*What to do*
Quote exactly the lines from the one with "Черные зимние ботинки" to the end of the data, both included; omit the pictures.

*Data below*
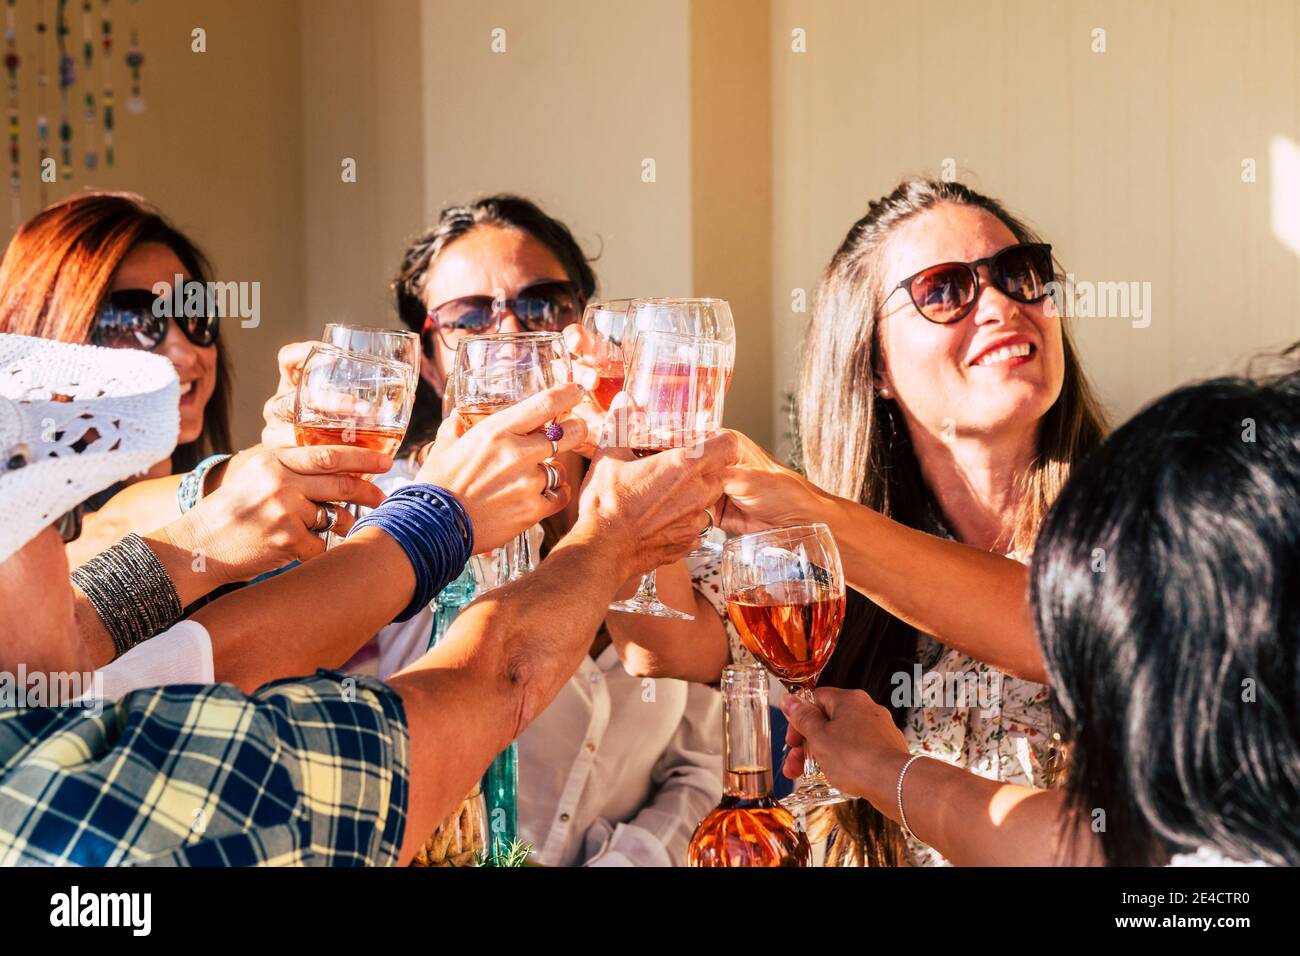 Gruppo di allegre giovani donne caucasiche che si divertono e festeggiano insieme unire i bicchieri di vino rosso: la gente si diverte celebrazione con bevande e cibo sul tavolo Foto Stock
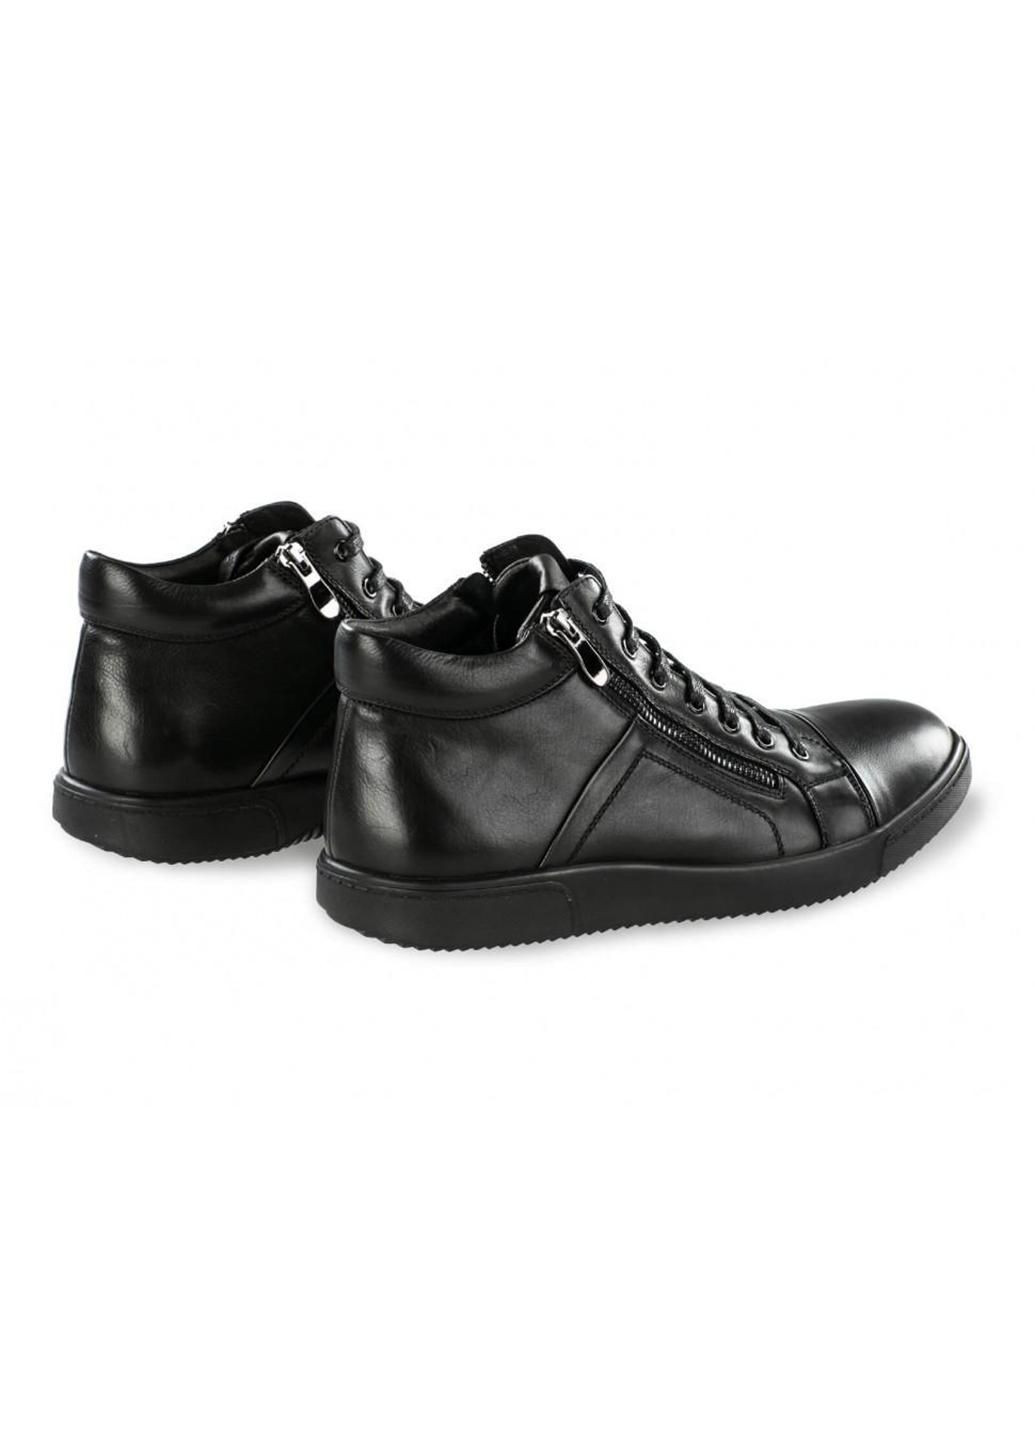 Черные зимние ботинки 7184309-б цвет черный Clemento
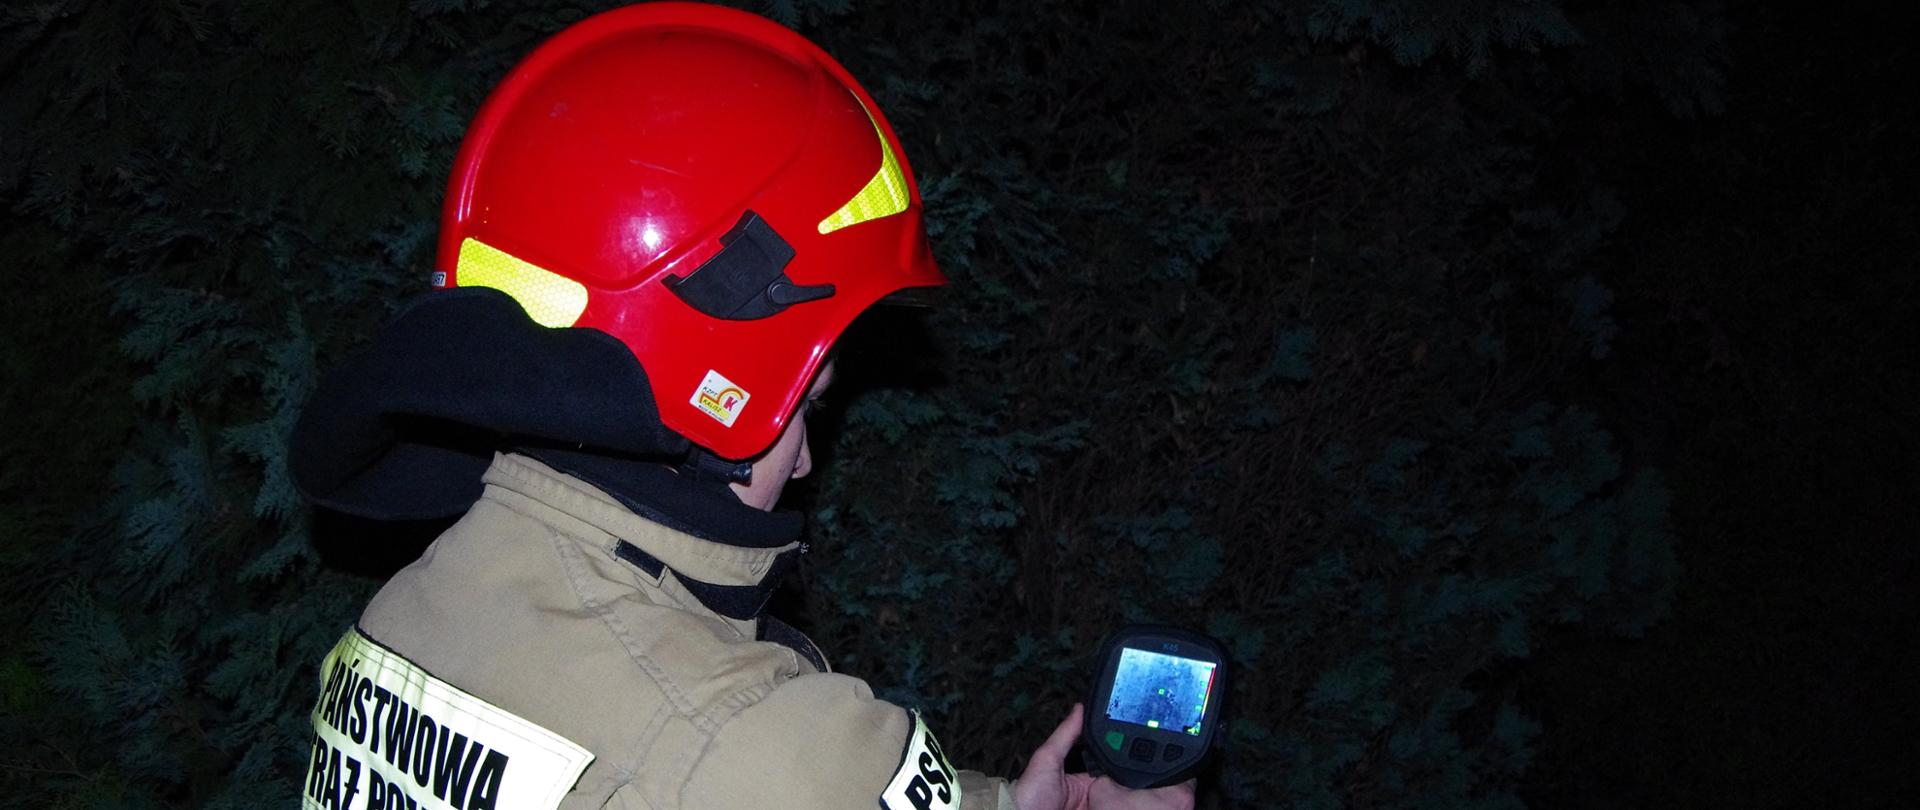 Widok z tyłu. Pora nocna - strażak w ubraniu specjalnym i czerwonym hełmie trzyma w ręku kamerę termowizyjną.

*Task solution*
 Черные зимние ботинки 7184309-б цвет черный Clemento
 Widok z tyłu. Pora nocna - strażak w ubraniu specjalnym i czerwonym hełmie trzyma w ręku kamerę termowizyjną.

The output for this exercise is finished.